CHAMPAIGN, Ill. — In celebration of its 20th bug-infested anniversary, the Insect Fear Film Festival at the University of Illinois at Urbana-Champaign is bringing in Mr. BIG – movie director Bert I. Gordon – to help honor the 50-year-old genre of low-budget films featuring large killer insects. The festival will feature three of Gordon’s big bug films – "Beginning of the End" (1957), "Earth vs. the Spider" (1958) and "Empire of the Ants" (1977).

"Gordon’s first big bug film, `The Beginning of the End,’ is my absolute No. 1 favorite insect fear film," said festival founder May Berenbaum, head of the department of entomology. "Among other things, it is set in central Illinois, albeit a central Illinois with mountains in the background.
There could not be a more appropriate film for our 20th festival." In the film, Peter Graves stars as government scientist Ed Wainwright whose atomic crop-enhancing experiments go awry. Grasshoppers grow to enormous size and begin a destructive march from Ludlow to Chicago.

In "Earth vs. the Spider," Ed Kemmer, as a high school biology teacher, teams with students to defeat a giant spider threatening the town’s teenagers. "Empire of the Ants" features Joan Collins as a ruthless real estate agent selling land on an island previously used as a toxic waste dump that has become home to giant, intelligent killer ants.

Gordon, 80, has Midwest roots. He was born in Kenosha, Wis., and went to the University of Wisconsin. After starting out in film making commercials, Gordon moved to Hollywood as production supervisor for the 1951-53 television series "Racket Squad." He then moved into low-budget films featuring giant creatures and eventually made 10 such films, spanning the period from 1954 to 1977.

"Gordon helped create the genre, which has become an enduring part of American culture," Berenbaum said. "These films keep coming out, year after year, and Bert I. Gordon helped to make that possible."
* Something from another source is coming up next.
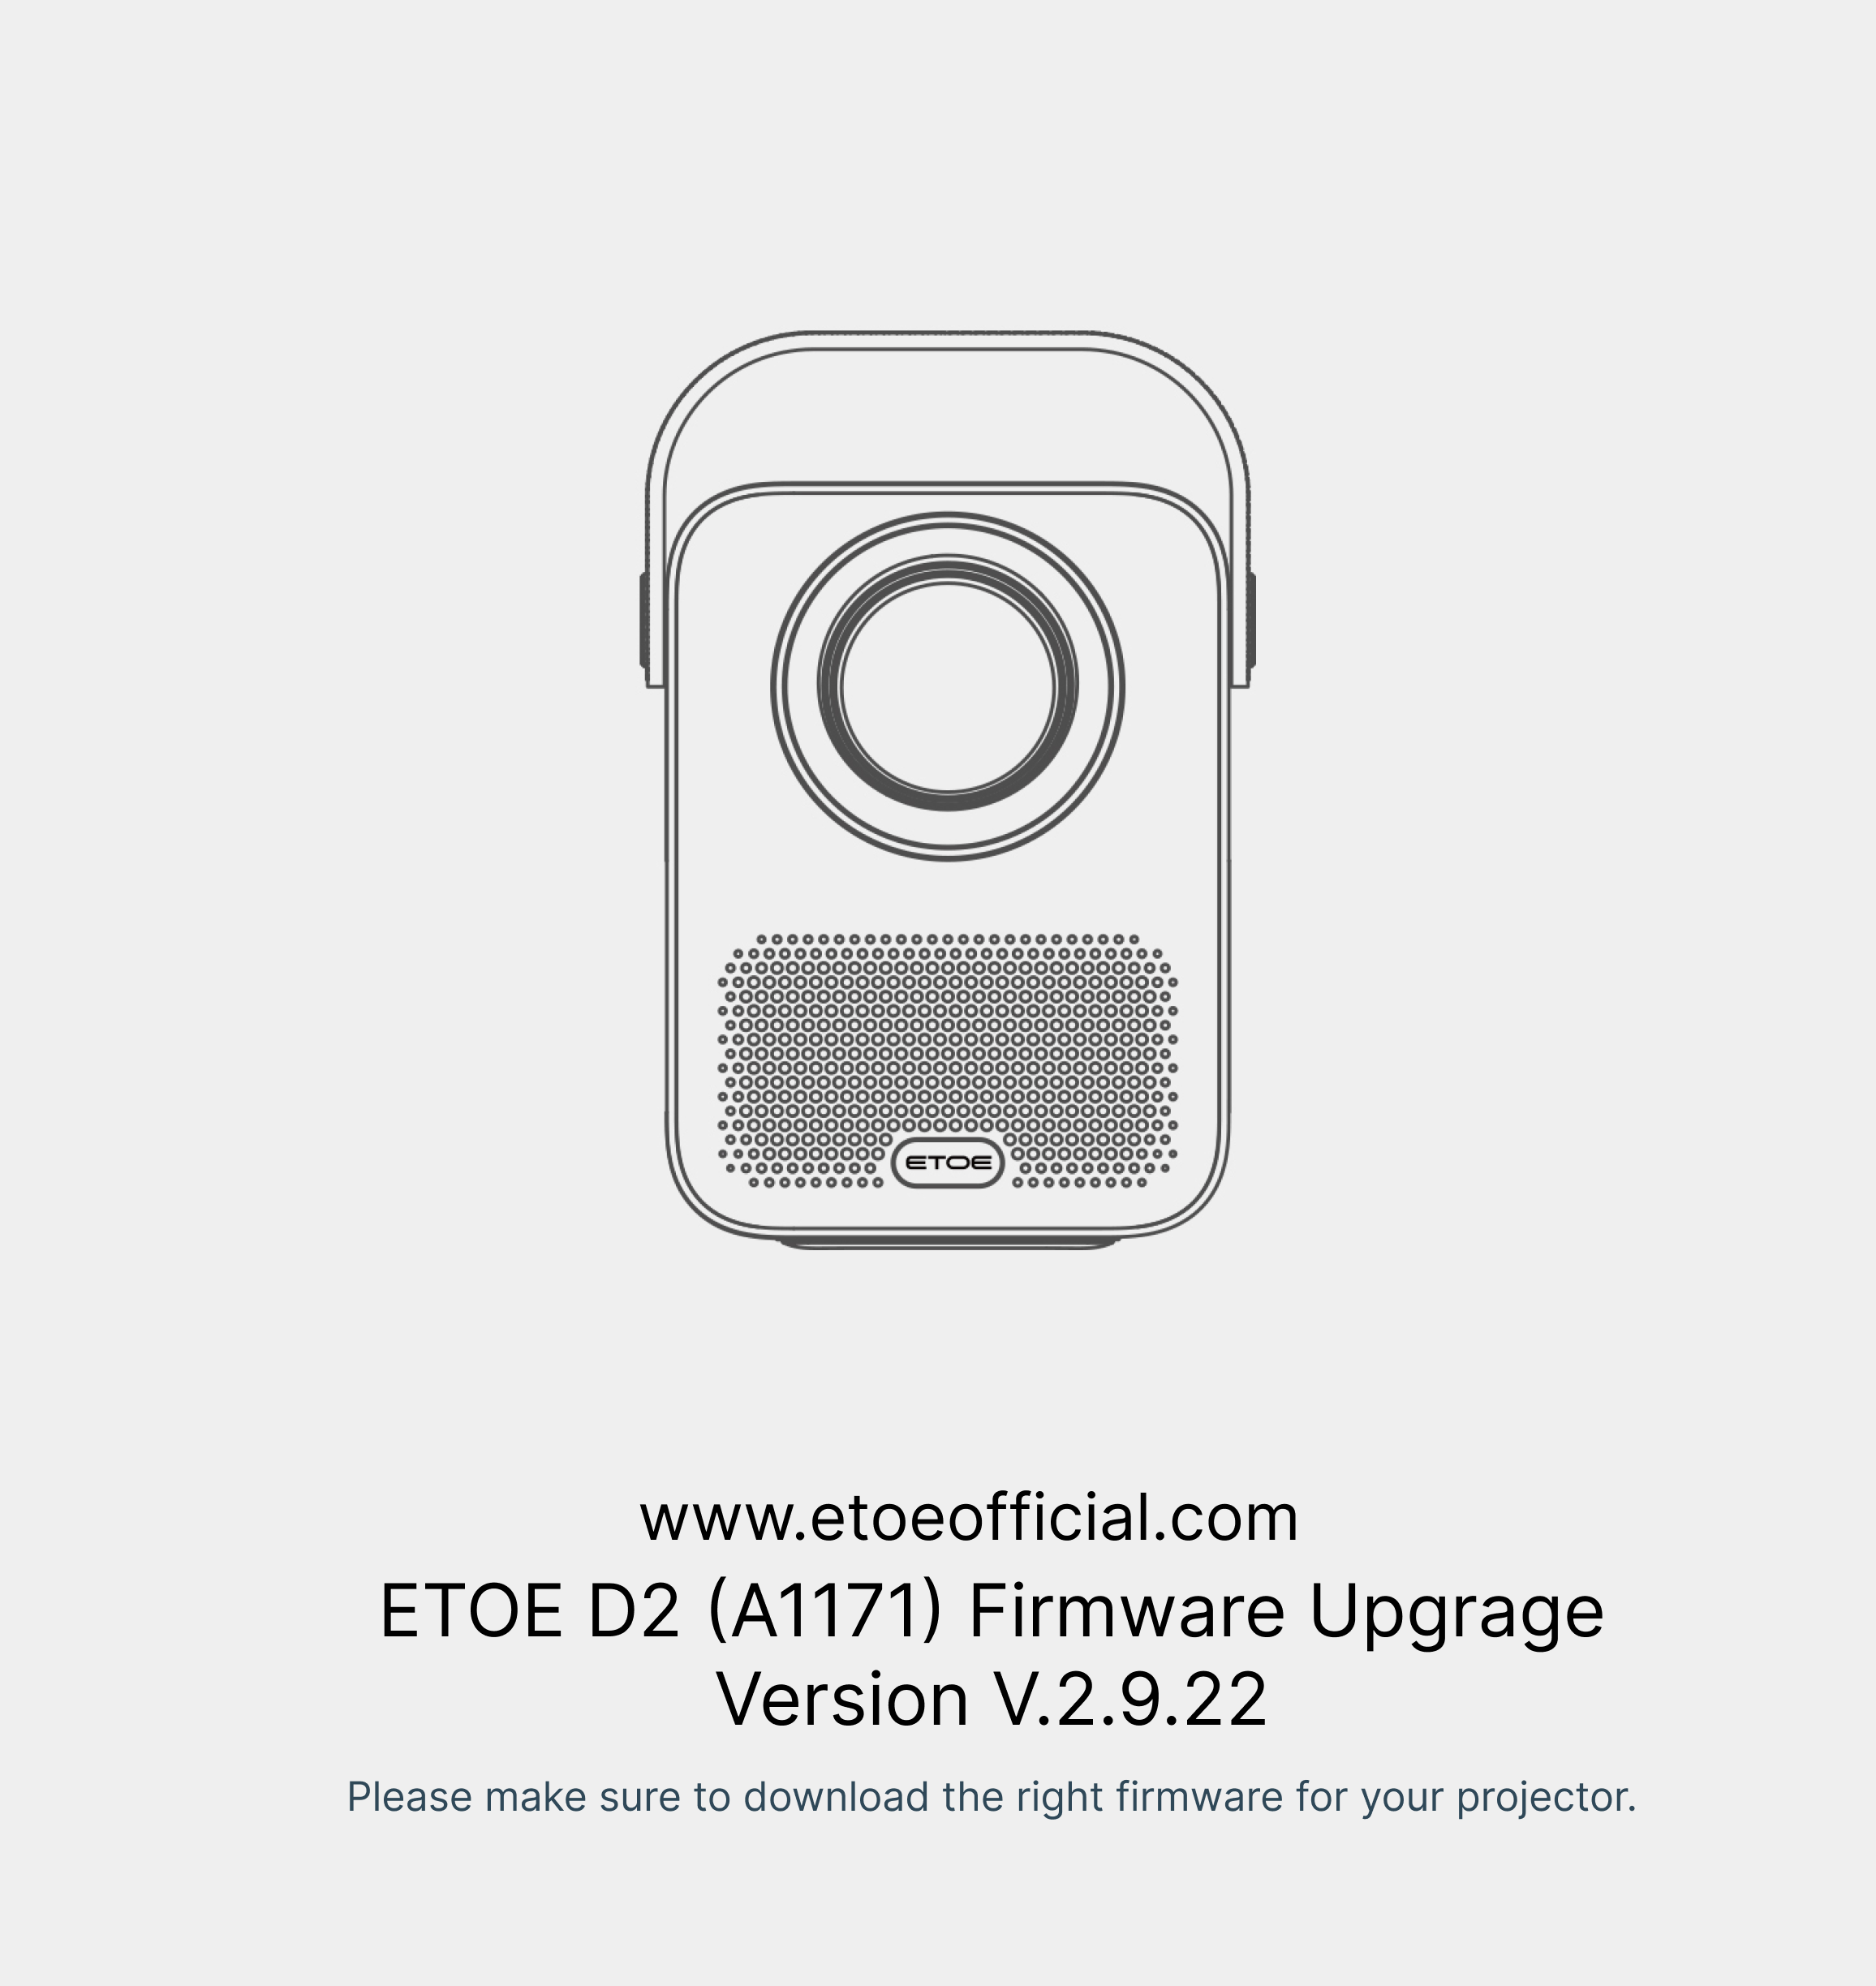 ETOE D2 (A1171) Firmware V.2.9.22 versione rara

The Insect Fear Film Festival began in 1984 as an educational outreach effort. Although big bug films are popular with filmgoers, the big bugs featured in them violate many basic biological principles. The Entomology Graduate Student Association works with Berenbaum to plan an event each year that contrasts real insect biology with Hollywood’s version. Over two decades, thousands of festival-goers have learned a lot about insects, including, for example, why they’re not likely to grow to the size of Greyhound buses. The students also have had fun in the process.

This year’s festival, free and open to the public, will be on Feb. 15, in Foellinger Auditorium on the Quad. Doors open at 6 p.m. There will be insect petting zoos, displays, and activities in the foyer. Introductions will start at 7 p.m. A question-and-answer session with Gordon also will be featured.